Richard Burr, obviously, is from North Carolina. Rand Paul from Kentucky. Burr filed his stock trades back in February or March 2020, where it was revealed that he dumped some stock just before the pandemic really took hold. And he was under investigation by the DOJ for that. They've dropped their case, but he faced a lot of backlash and frankly, still does.
But then you look at the case of Senator Rand Paul. His wife bought stock in a company that makes an antiviral drug used to treat COVID-19. And it happened. She bought it in February of 2020, again right before the pandemic started. Well, Rand Paul did not disclose that transaction until August 2021, according to The Washington Post. So this expert said, look, you know, Richard Burr complied with the law and faced a ton of heat. And then you have Rand Paul. He largely avoided that backlash because he waited 16 months to report.
Terry: Now you’ve been using the words “fee” and “penalty” interchangeably.” But they aren’t Is it a fee or a penalty? Why isn’t it a penalty instead of a fee?
Specht: It's a fee. And speaking with people who are familiar with that process, the House Ethics Committee, said it referred to it as a fee.
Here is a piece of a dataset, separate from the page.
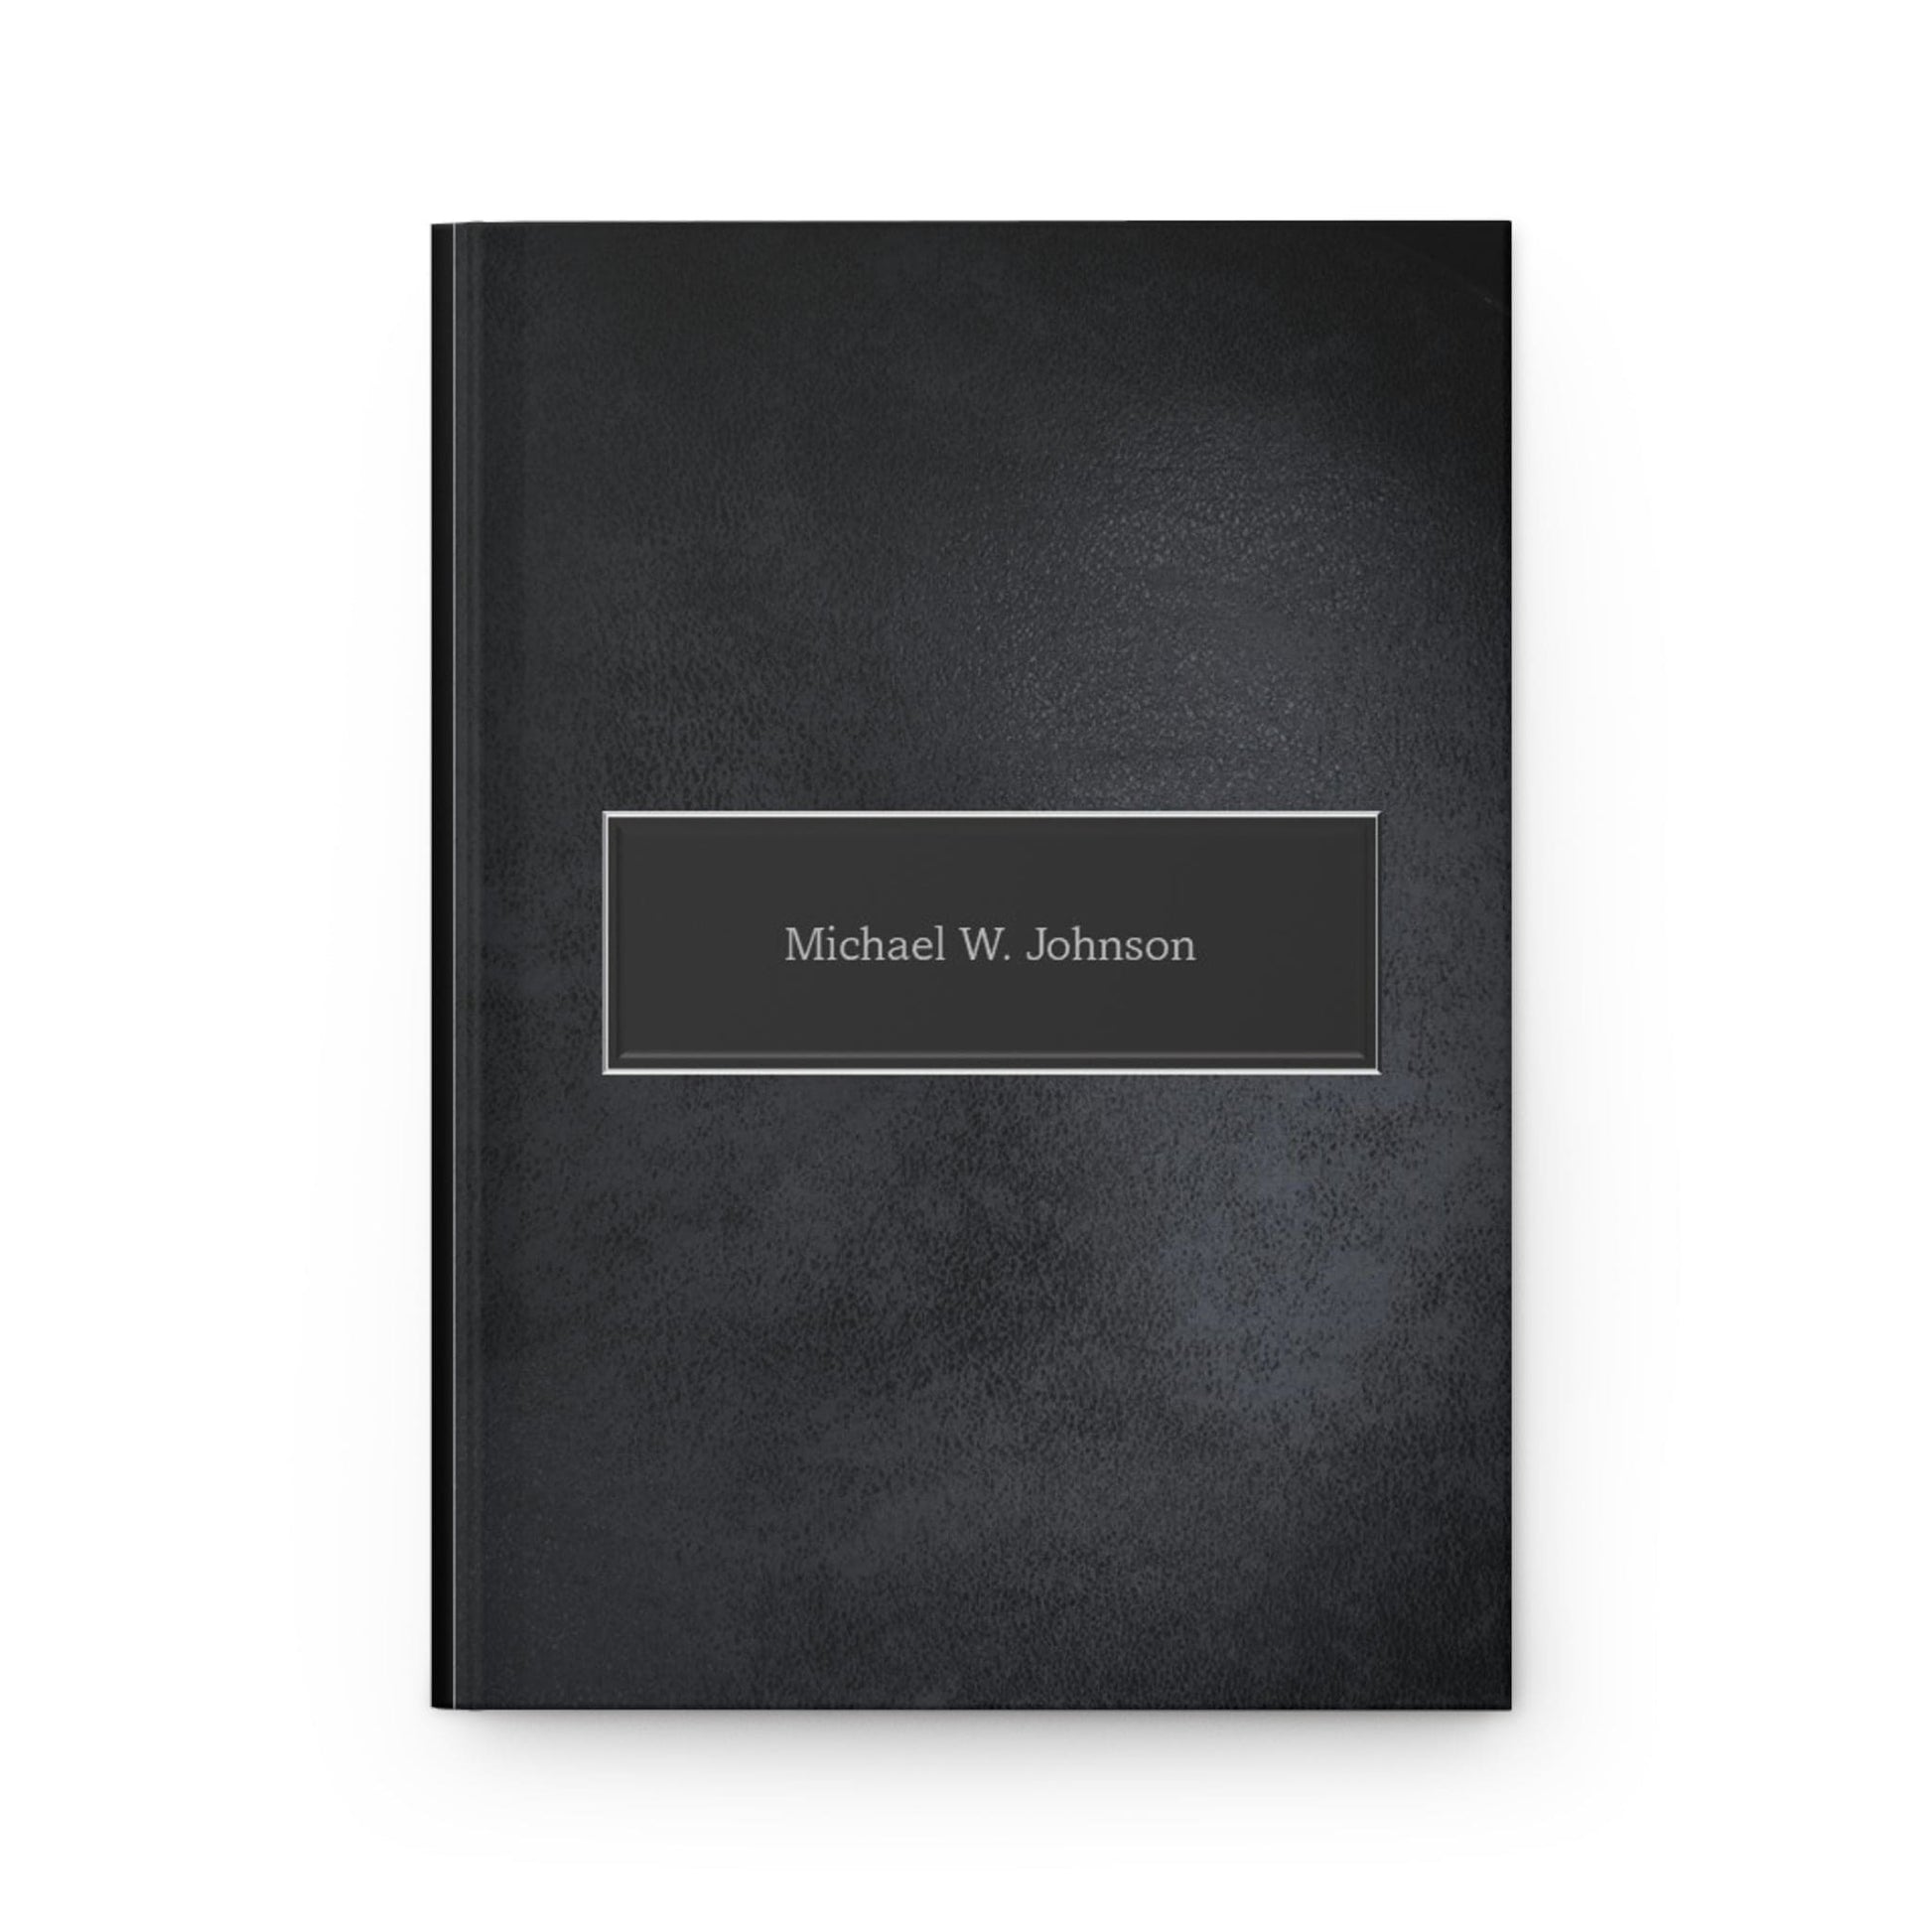 "Personalized Journal for Men: Capture Memories and Express Yourself with customized Journal for men. The Gentleman Black Journal

And other experts are quick to point out this is not something that goes on anyone's criminal record. It doesn't even really register on a civil level either. This is an administrative fee. And so, yes, it's in statute. But this is something that rarely, if ever, reaches a level of criminality, at least if you just file late.
Terry: How did you rate this claim by Cheri Beasley?
Specht: In the end, we rated this half true. It's true that these members of Congress are violating a law in STOCK Act, but it sort of glosses over the fact that most lawmakers are accused of filing late reports. You know, the law is designed to stop insider trading, but most are not accused of that and they are subject to fees. So it's a little misleading to say that Washington isn't doing anything about it. There is a system in place that obviously Congress members have to pay if they violate it. So that's why we rated it half true.